Limiting your food and drink intake for a set amount of time won’t give you the equivalent experience of ingesting a party drug or a few shots of tequila. It certainly never made me see the face of God, despite the undeniable heights I felt from it. What if religious ecstasy and keto euphoria are part of the same feeling?

Deprivation seems to have intriguing effects on the brain. A 2021 report by Dutch researchers in the journal “Nutrients” found that “In healthy humans, six months of IF [intermittent fasting] improvement in mood as measured with the Hospital Anxiety and Depression Scale and the World Health Organization Well-Being Index,” and cited another 2010 study that reported that “ Ramadan IF reduced subjective feelings of depression and mania in 62 patients with bipolar affective disorder”. A 2015 study in China found that “prolonged fasting and calorie restriction significantly relieved negative moods such as tension , anger, and confusion and enhanced feelings of euphoria in aging men.” And some animal studies suggest that acute fasting may increase the release of dopamine in the midbrain.

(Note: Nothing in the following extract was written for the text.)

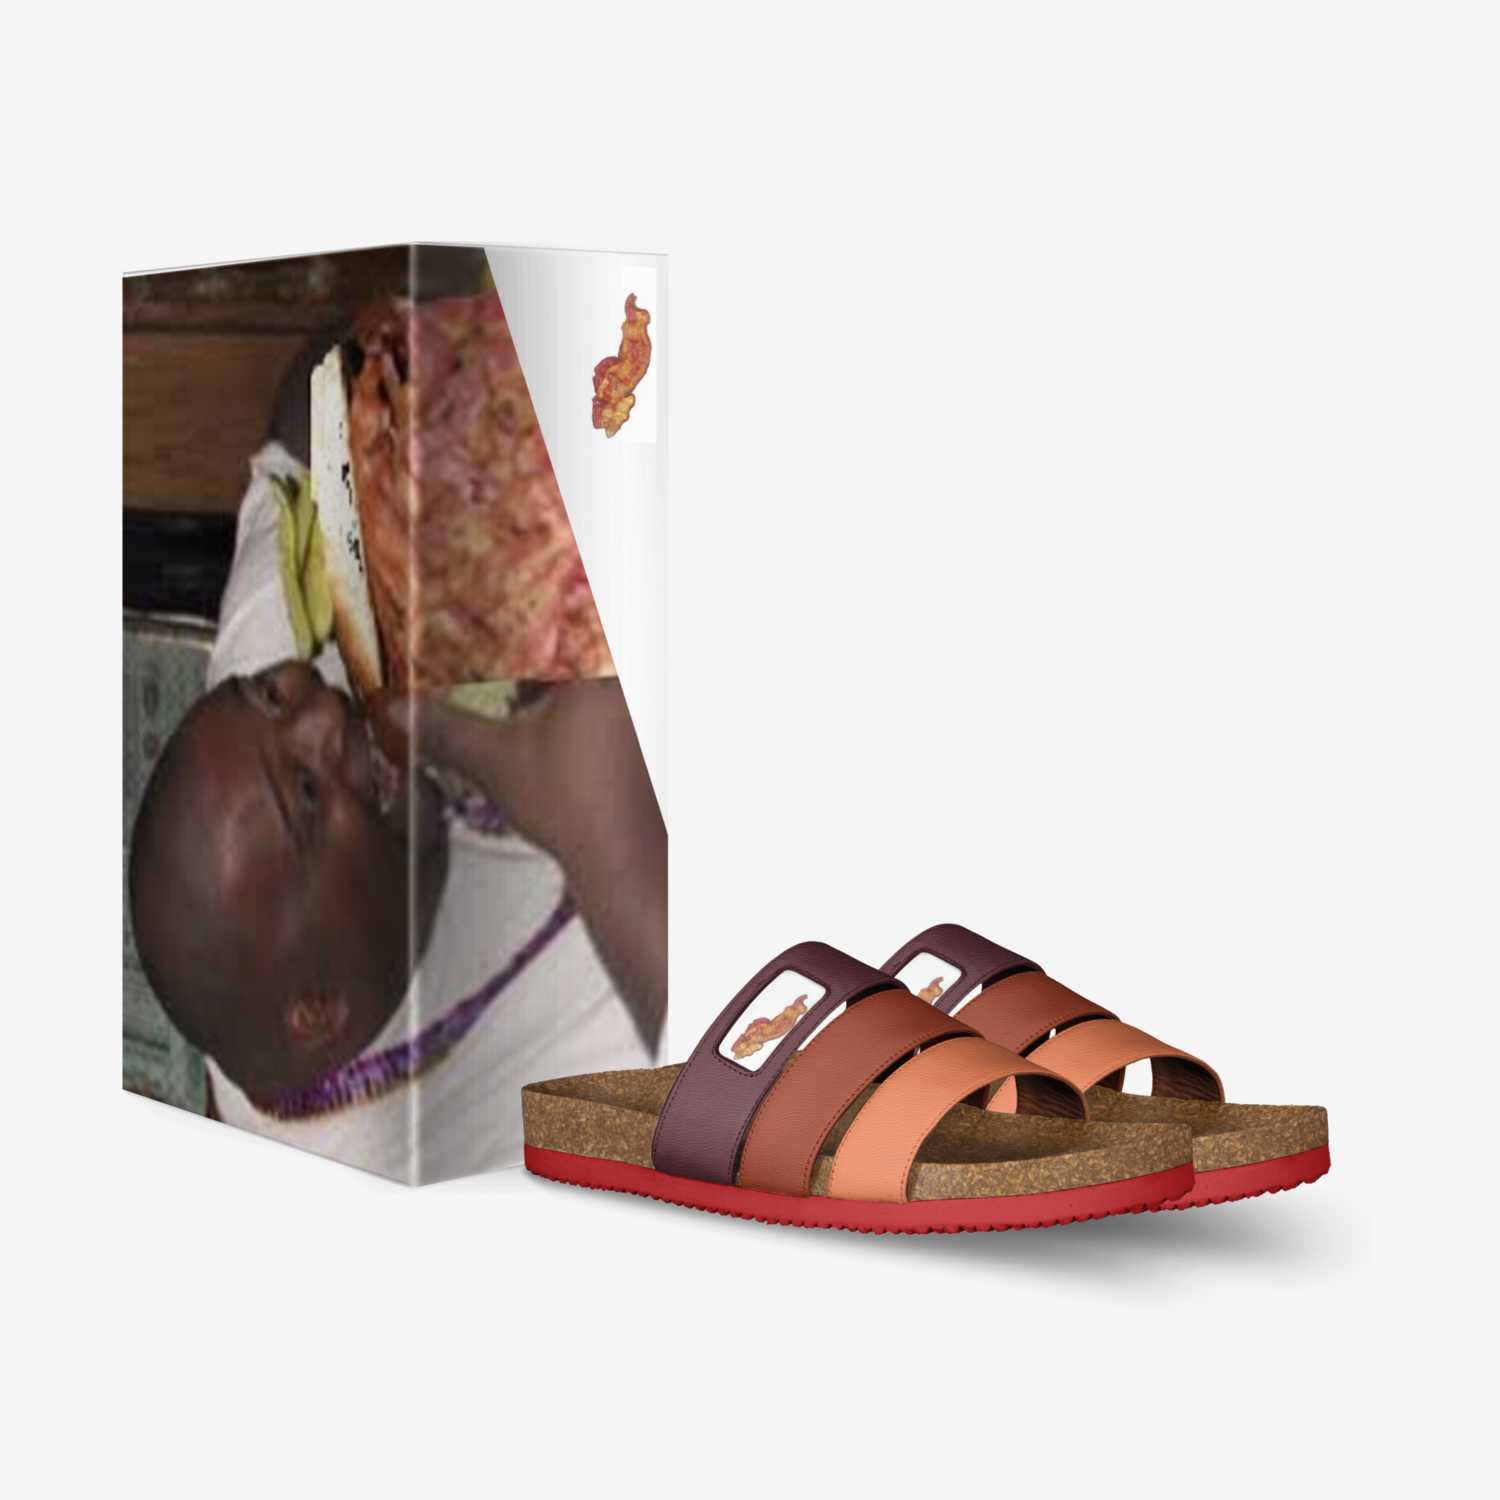 Bacon Boys custom made in Italy shoes by Crisp E. Bacon | Box view
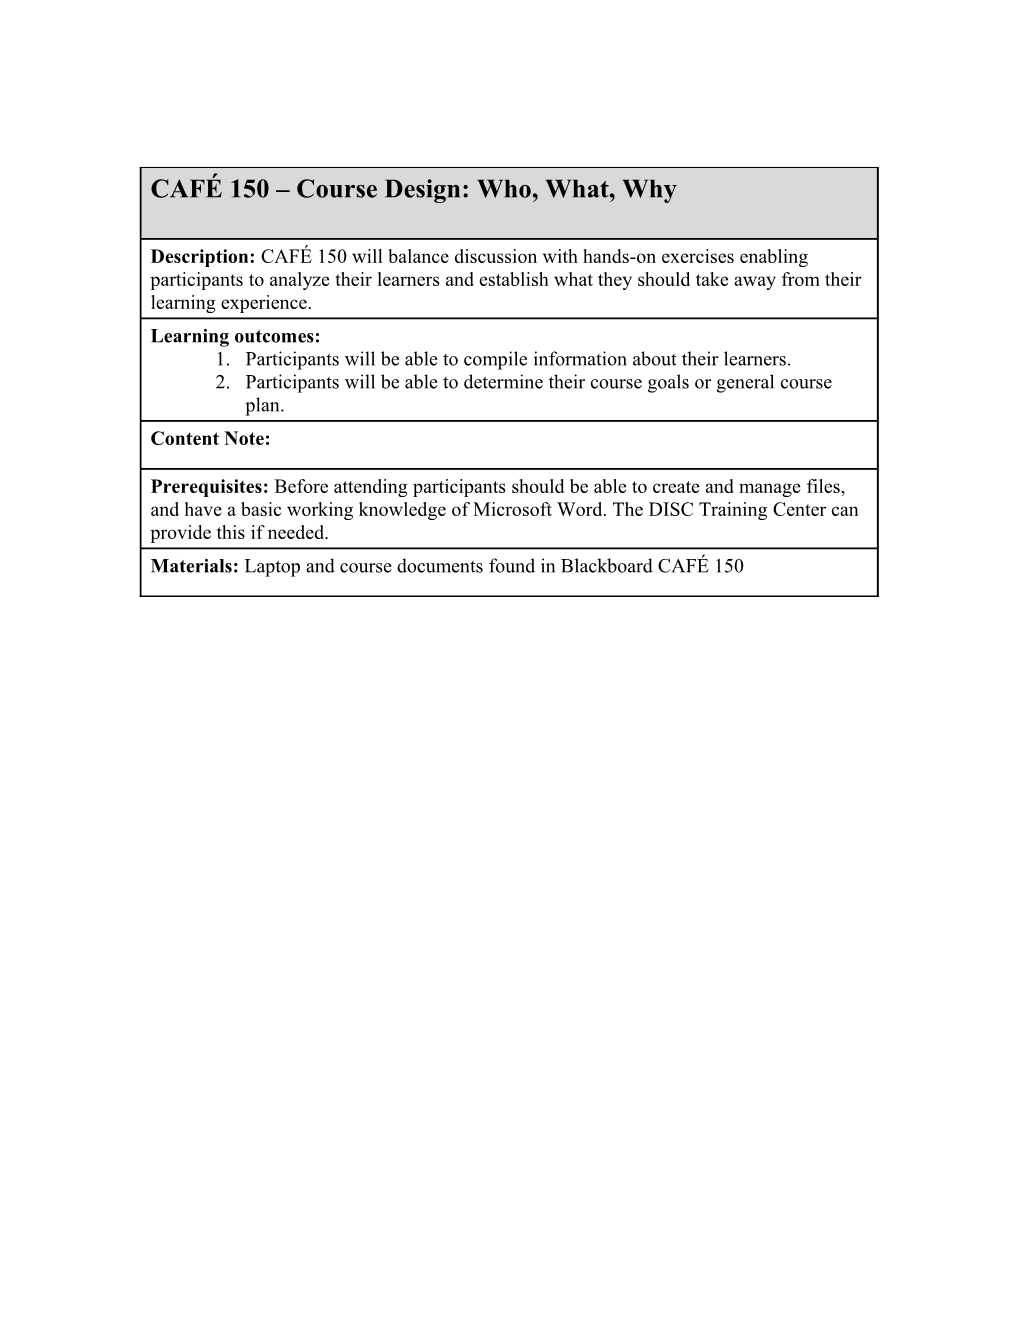 CAFÉ 150 Course Design: Who, What, Why

The conversation about the health benefits of fasting has become complicated and often contradictory over the past few years. Not everyone who fasts even gets those euphoric feelings at all, and they don’t last. You cannot starve to nirvana. Increasingly, however, research claims that thoughtful and regular calorie restriction can ward off some of the effects of aging and improve cognition. My own doctor talked about intermittent fasting during my last medical checkup and its promising potential to stave off Alzheimer’s disease. This is different, of course, from the periodic fasting practiced in so many different religions. But it points to something that humans seem to have instinctively drawn to, across multiple cultures and time periods. “It’s still unclear if prolonged fasting has any real benefits for healthy people,” says Ronald Smith, “but one thing is certain: Powerful changes occur in our brains when we go without food for long periods of time. “. And, however we choose to define them, in our souls as well.